Monday, January 13, 2014

Forget About It!


Oh godammit, now look what this mook went and did. Not only did he waste money getting his balloon stomach stapled, now he had to go and implode. What da fuck, Chris?

Chris Christie, the loudmouth Republican Governor who even some dumbass Democrats tell me they like, is embroiled in some political nonsense so utterly petty, it is going to end up wrecking my whole 2015 and 2016 fun. What the hell! I was looking forward to seeing him blow his stack at the idiocy standing onstage with him at the Republican Presidential Debates and then turning and screeching at the tri corn hatted neanderthals who wandered inside and applaud starvation, slavery, executions and act all Pol Pot when it comes to those they don't care for. You know, the riff raff out there stealing their tax money and not working while they are all self sufficient on their Social Security and Medicare. Christie may be a goon, a hothead, a screaming out of control thin skinned yeller, but he isn't Teabag Nation. And that, my friends, is why I'm so upset at the self demolition of The Christie Casino.
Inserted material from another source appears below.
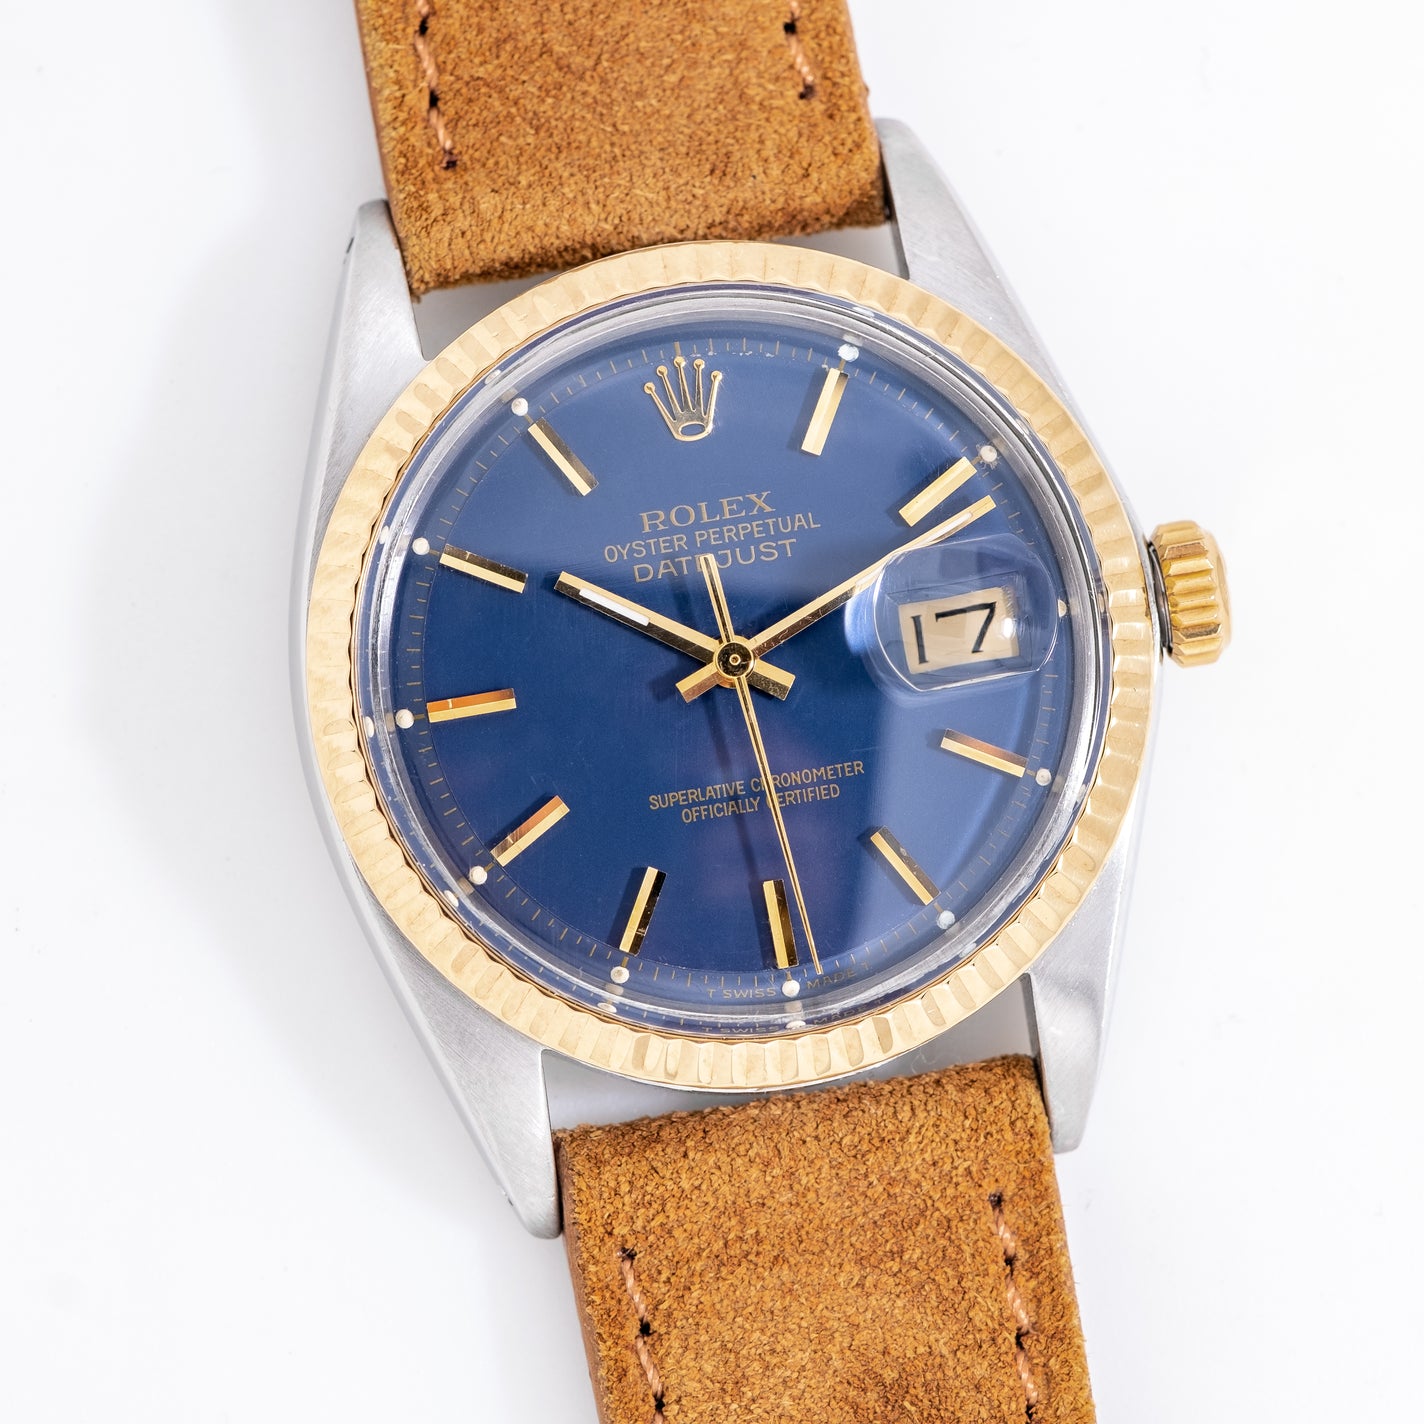 Resonate Ud over stavelse 1968 Vintage Rolex Datejust Reference 1601 Two Tone in 18K Yellow Gold –  Second Time Around Watch Company

Christie, such a sarcastic shit heel (and trust me I love sarcastic shit heels cuz well you know)cannot stop himself. He is who he is. A vengeful citizen of New Jersey who doesn't take kindly to being denied what he wants. Hey, if da mayor of Fort Lee doesn't wanna play ball, well then, a little traffic accident may befall his wonderful town. After 4 days of that, anybody will come around, dontcha think? And if not, aw fuck, they found out?? Quick, fire the Irish broad and that rat bastard campaign idiot who kept his e mails.

Christie has gone into full Schultz mode. He knows nuthin ,he sees nuthin, he heard nuthin. Shit he didn't even know he was taking Hurricane Sandy money and making ads with his family to get people to come to his state. He doesn't know nuthin. He doesn't know where the last piece of cake went. He doesn't know where that last piece of pizza went. He doesn't know anything. He's perfect for the 2015-2016 Republican debates and now, for fucks sake, he's gone and blown it.

Now we're gonna have to listen to the incoherent blatherings of a bunch of dimwitted morons like Santorum (don't google him), Oops Perry, Cuba Si Castro No Rubio, Dudley Do Right Cruz and that jug eared fuckstick Paul Ryan.

Thanks a lot Chris Christie. Not only did your bullying tactics blow up in your fat face, you had to go all Nixon and proclaim "I Am Not A Crook, errrr, Bully!"

There ya go, TeaBag Nation, your RINO has been slain. Now you can get back to worrying that maybe Santorum once gave a guy directions, Perry said "Ola" to an immigrant, Rubio put a buck into a red kettle, Cruz once took advantage of Commie Canadian health care or Ryan is a secret socialist thanks to his Rage Against the Machine listening.

Thanks again, Chris Christie. Even though you no chance of convincing those pinheads who vote in your parties primaries and show up to your caucuses in their Buicks to vote for you, you would have entertained me throwing a gasket at some knucklehead heckling you from the scooter section.

And oh yeah, as long as you're apologizing for everything, could you throw in a big one for your state spawning the likes of Antonin Big Tony Scalia and the shrew Michelle Malkin?